Chris Nguyen founded, with his wife Jaimie, a beautiful, purist tea concept called Teapod in Northern California in 2009. No coffee or espresso, organic loose leaf teas and specialty beverages in a pure white environment, with a very Zen feeling in a laid-back upscale town. Unfortunately for San Anselmo, the store was eventually closed and Chris wanted time to rethink tea retailing. I was surprised when I heard the news . . . I really thought this was one we’d be hearing much more about in the future. It was a gem.
The Tea Garden
The second, Mark Ukra, was a well known retailer in a beautiful spot called the Tea Garden on Melrose in Los Angeles. He was also a guest on a number of shows, including Oprah, and wrote books on tea and a diet using tea as its center.

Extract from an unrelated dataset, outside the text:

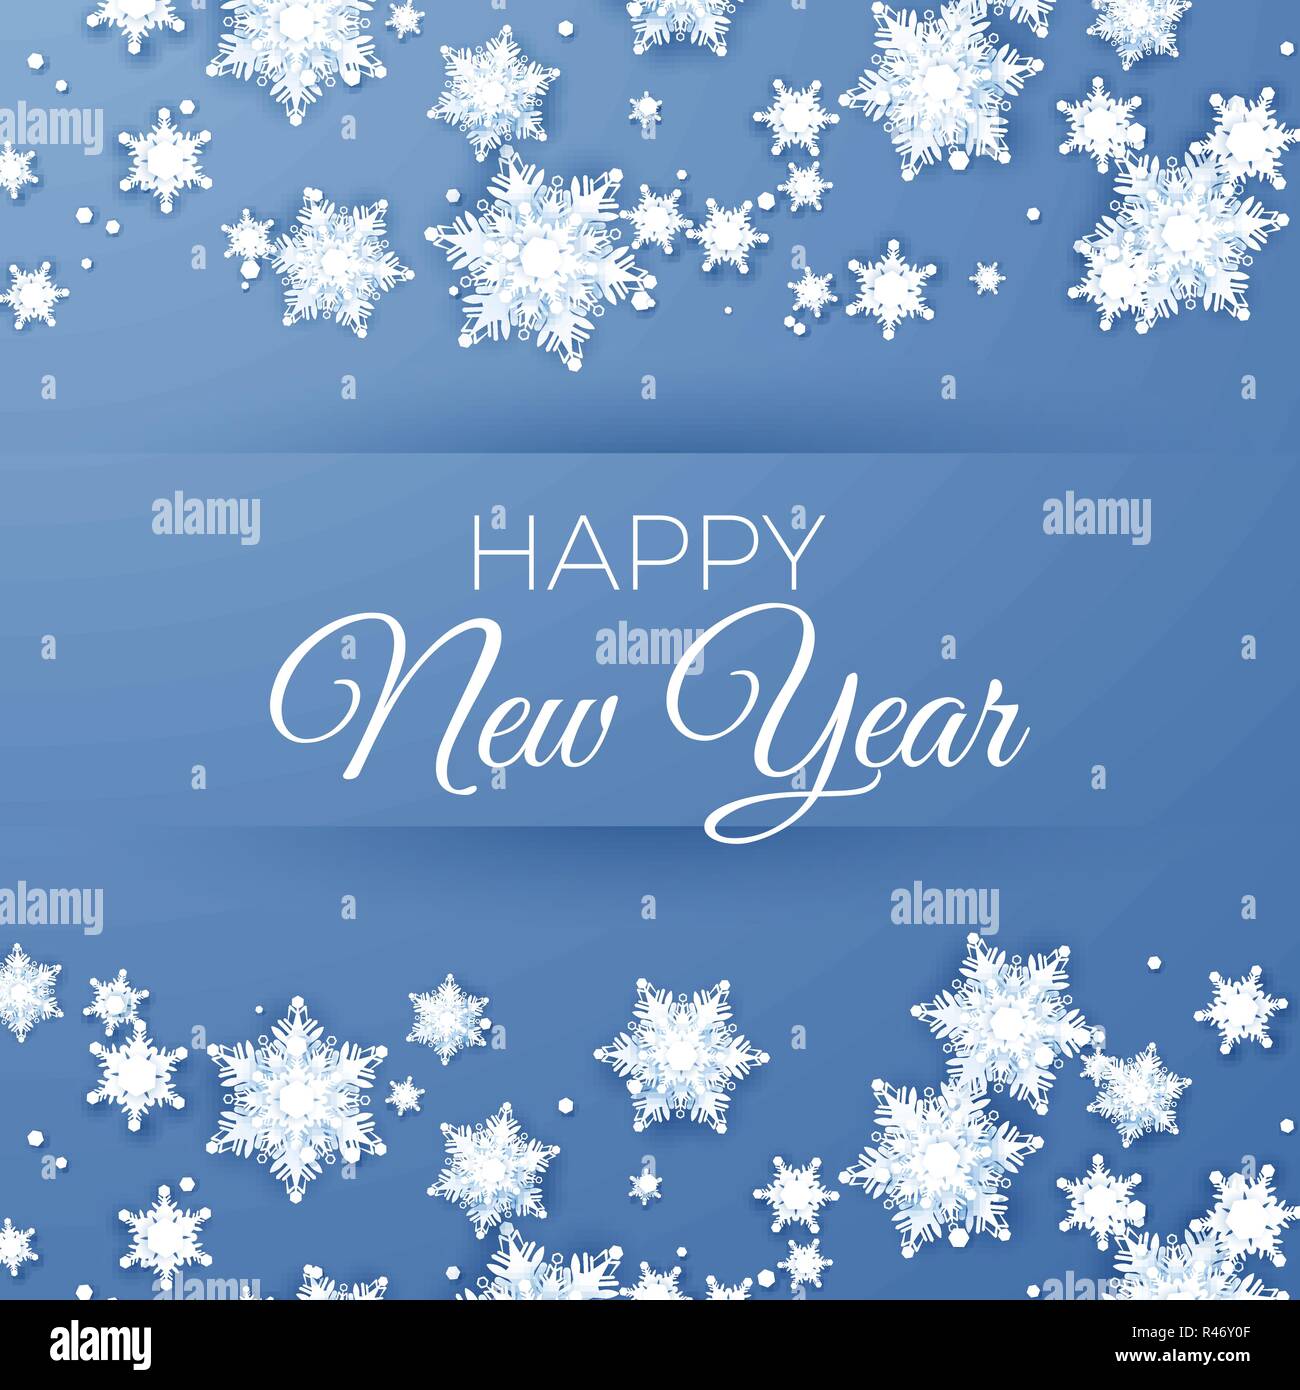 Frohes Neues Jahr Gruß Postkarte. Papier Schneeflocken Muster Hintergrund. Origami Schneefall. Vector Illustration Stock Vektor

Mark was flamboyant, dressed in orange, and called himself Dr. Tea. His family had been in the tea business for generations in the Middle East. Mark eventually closed the Melrose store, with its’ beautiful relaxation/patio garden, to concentrate on his online business and writing. When I visited the website, I could not find any trace, nor could I track Mark’s current ventures. I liked Mark’s positive attitude and complete passion for great tea and wish him well in his future tea endeavors.

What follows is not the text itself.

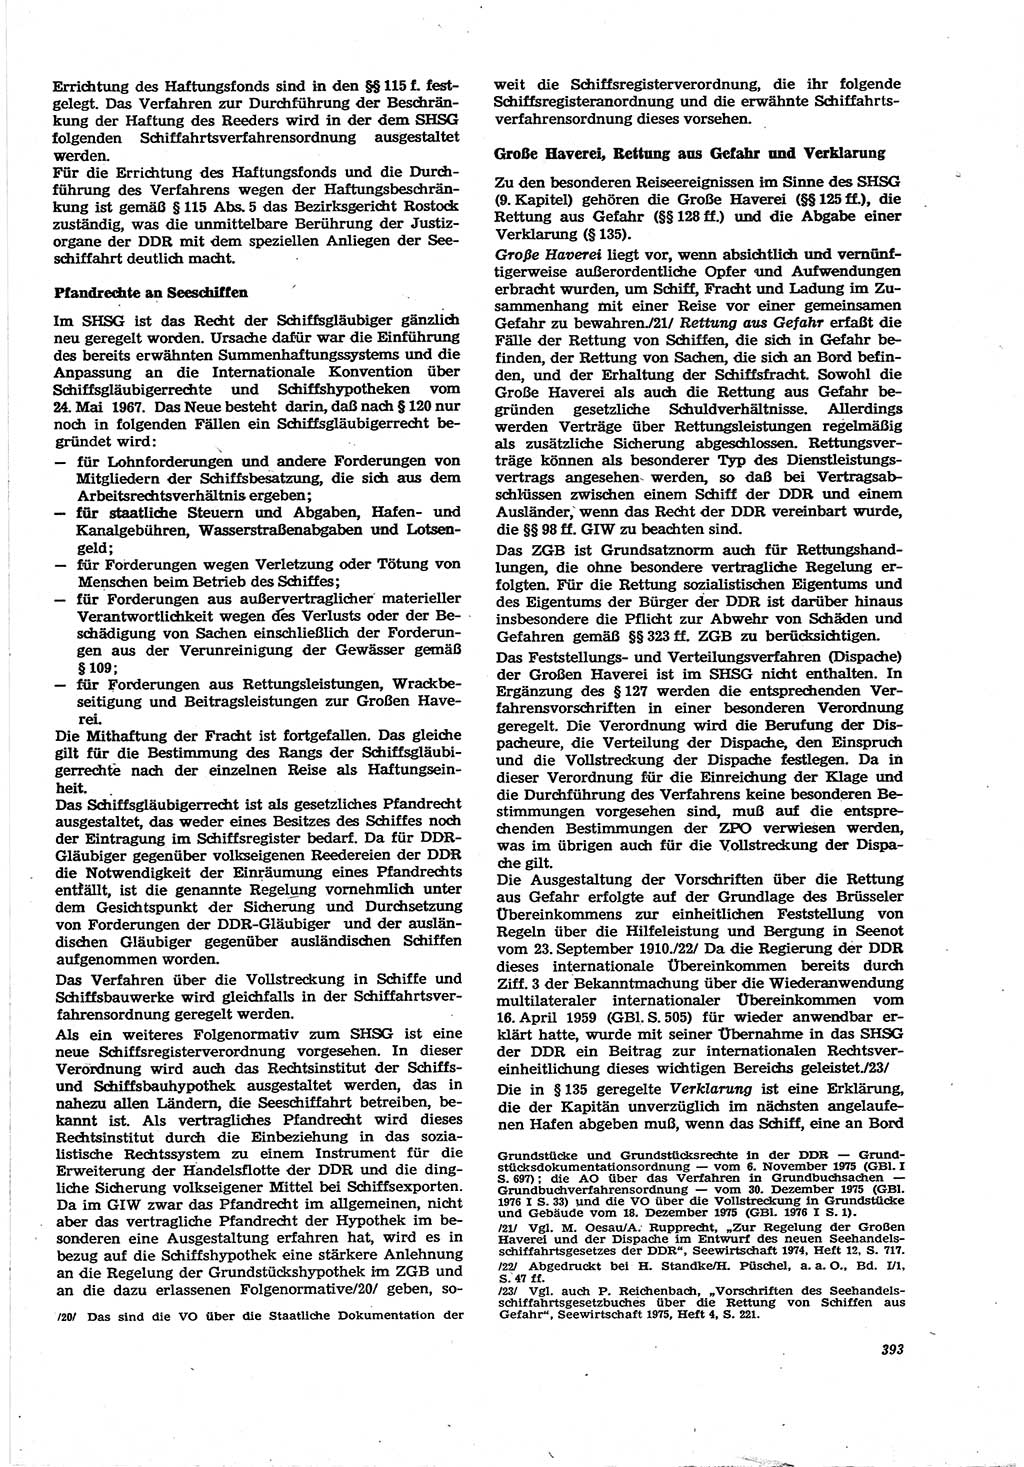 Neue Justiz (NJ), Zeitschrift für Recht und Rechtswissenschaft [Deutsche Demokratische Republik (DDR)], 30. Jahrgang 1976, Seite 393 (NJ DDR 1976, S. 393)

So, there it is. Nothing in life stays the same. But of one thing I am fairly sure: These entrepreneurs will never live a boring life, they will never ‘quit’ and they will always be looking for ways to improve not only their own lives, but how to make the world a more exciting and interesting place for others.

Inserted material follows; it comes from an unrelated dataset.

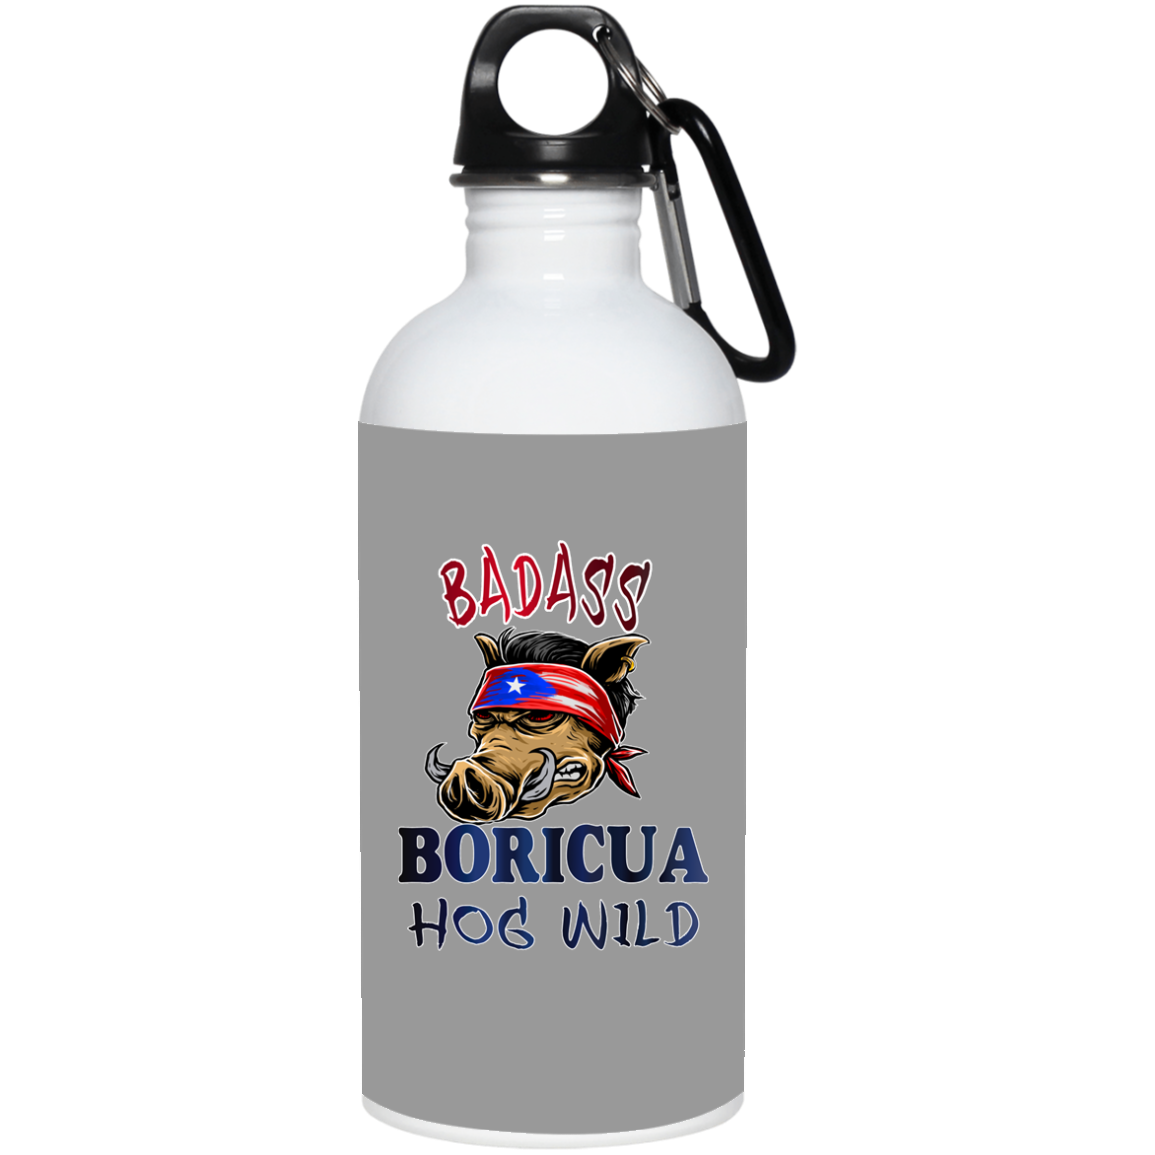 Badass Boricua Hog Wild 20 oz. Stainless Steel Water Bottle

Diane Walden has been in the tea business since 2007, when she became part-owner in three tea stores, two of which continued until 2016 and were sold. She and her husband also ran their own tea shop in her hometown in Southern California for almost five years before moving the business online. Always interested in the brewing importance of the tea experience, the couple licensed a commercial brewer to a coffee and tea equipment manufacturer recently and are hoping it will be on the market in the future. ...See Diane Walden's Full Bio and List of Articles
I think you and Oprah got it right. We love hearing follow up stories. One thing that I’m left with – why one success and not others that you had such a good feeling for? I’m not suggesting that every tea shop should or will succeed but of those you interviewed, I’m confident you’re an excellent judge of the look and feel of the store and owner. What do you think might have been missing from Teapod for example. Sounds like they had created a great retail environment, wonderful owners, but was the location not optimal? And then The Tea Garden really confuses me. Mark certainly had the exposure- thank you Oprah and location – doesn’t EVERYONE on Oprah make it BIG:)? Does anyone close a successful retail business to “concentrate on his online business and writing”?
Money, if all else is equal. You said this in another post. I’m sorry it’s that way, but how many of us know that there are stores out there who have better product and service but it takes money and lots of it to get the right locations, sustain, grow, expand. If anyone disagrees, I’d love, love, love to hear.